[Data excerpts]
*-*-*

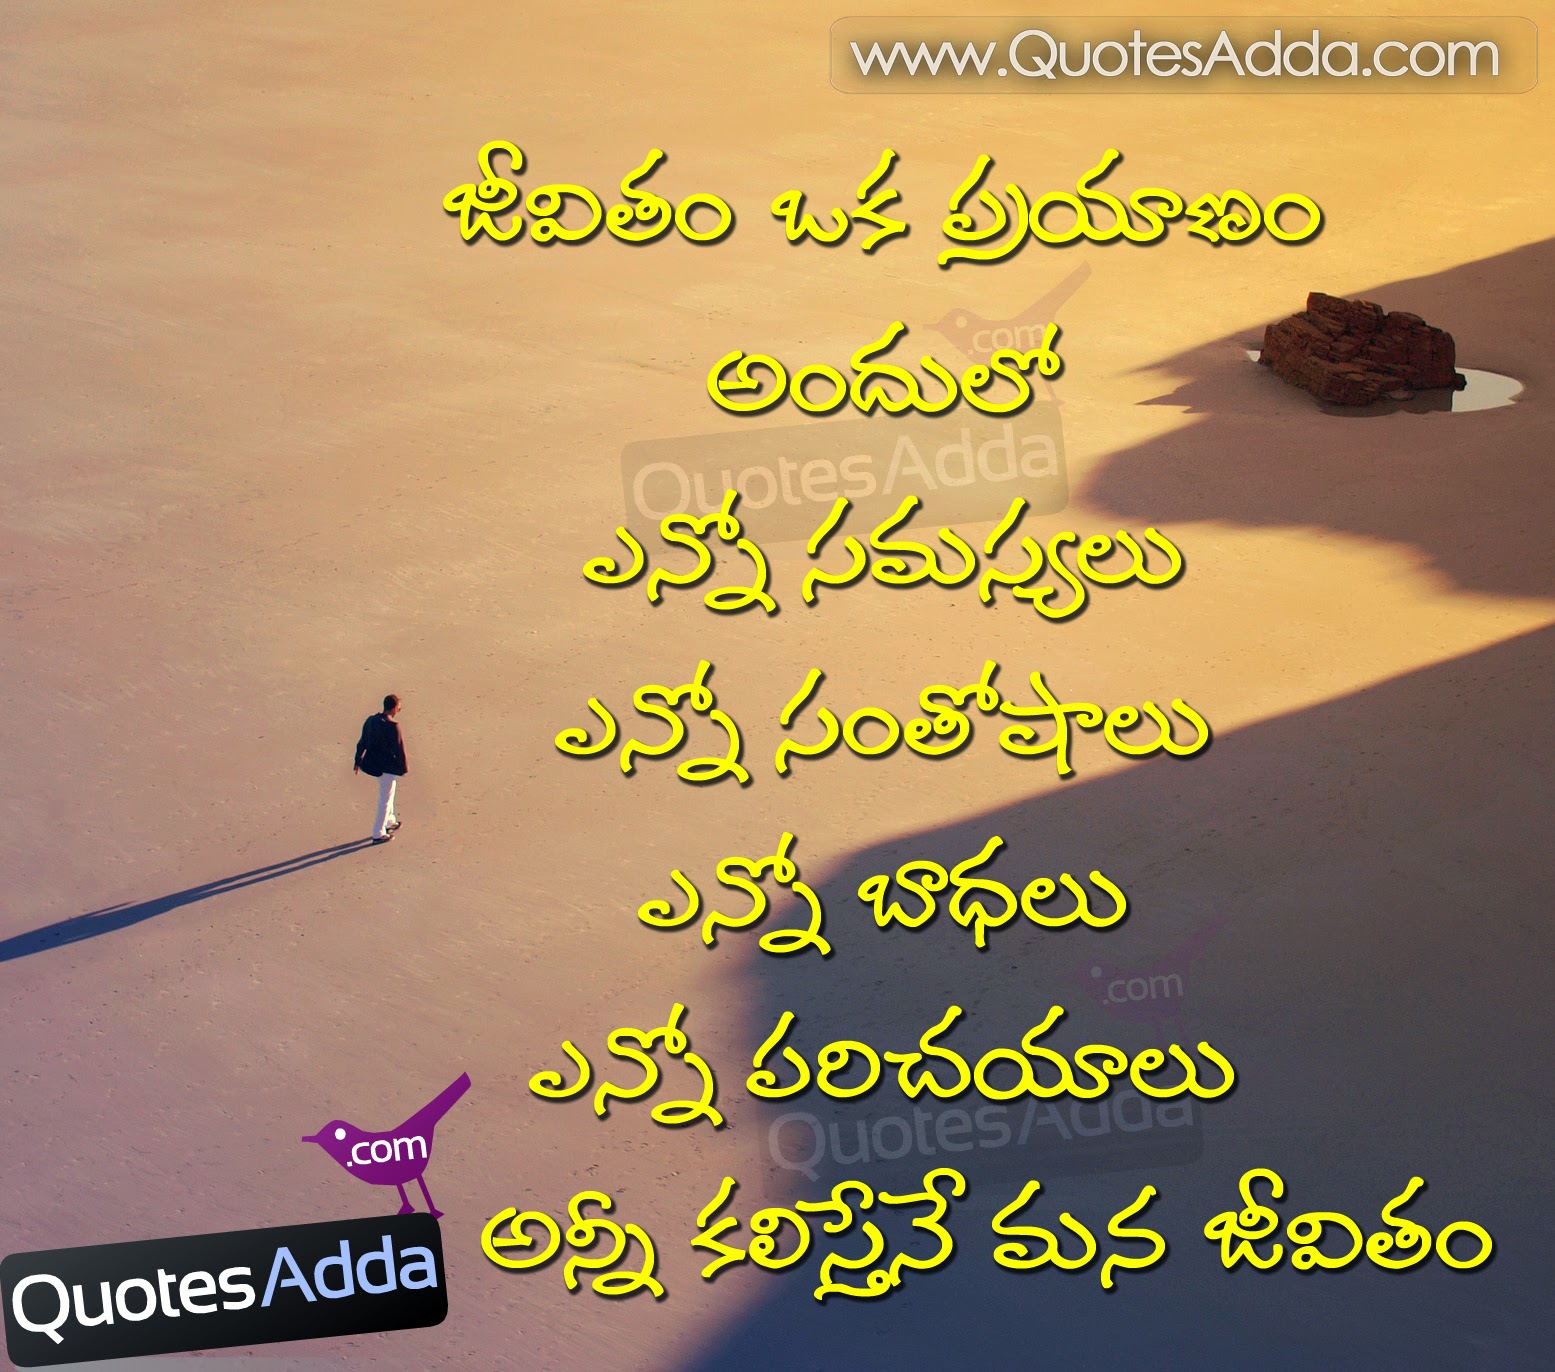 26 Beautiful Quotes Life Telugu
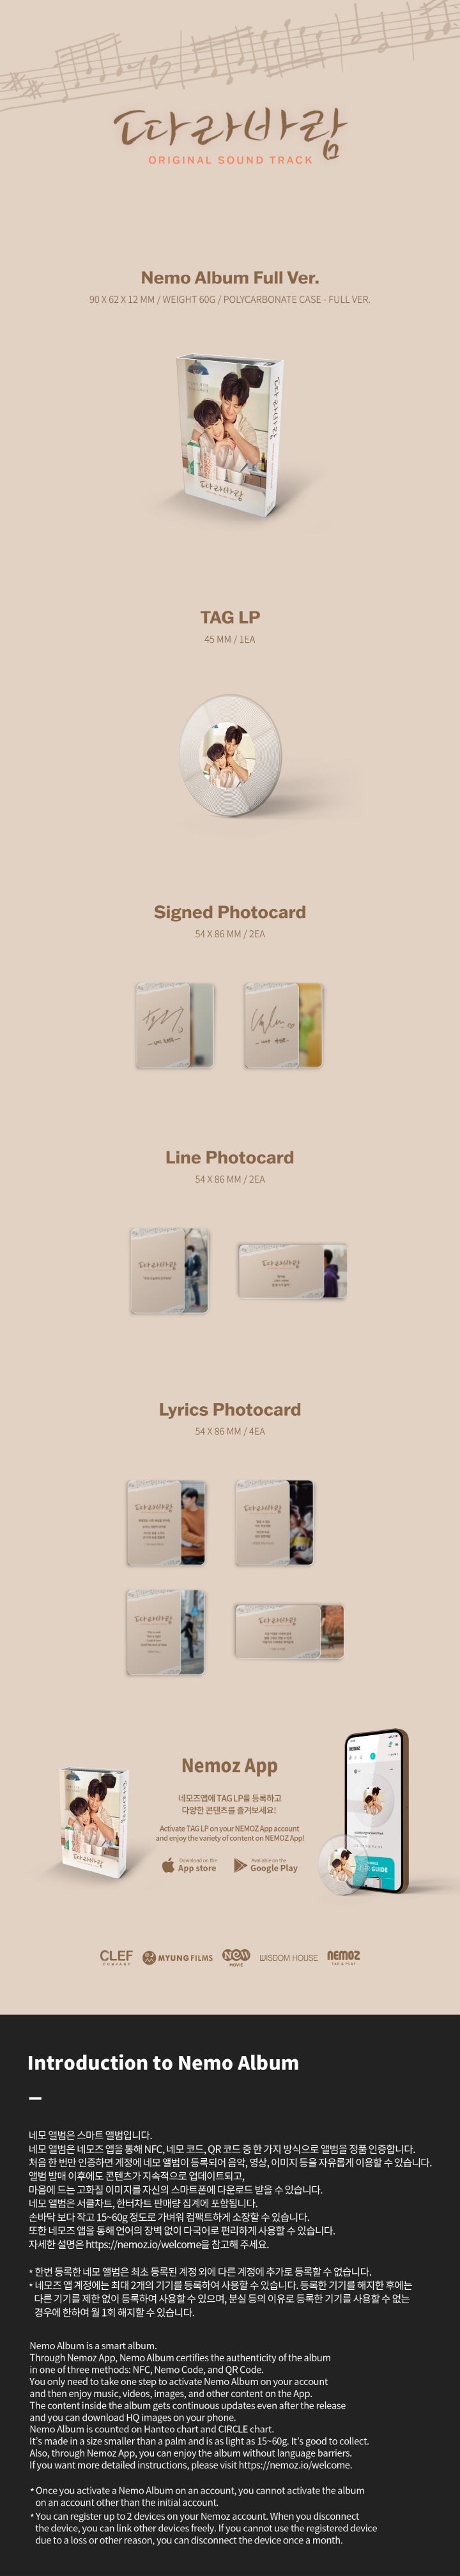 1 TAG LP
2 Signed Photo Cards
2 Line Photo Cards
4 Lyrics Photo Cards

*-*-*

§ **Problem description**:
Copy the records above exactly. Do not carry any picture into the copy.

§ **Expected answer**:
 26 Beautiful Quotes Life Telugu
 1 TAG LP
2 Signed Photo Cards
2 Line Photo Cards
4 Lyrics Photo Cards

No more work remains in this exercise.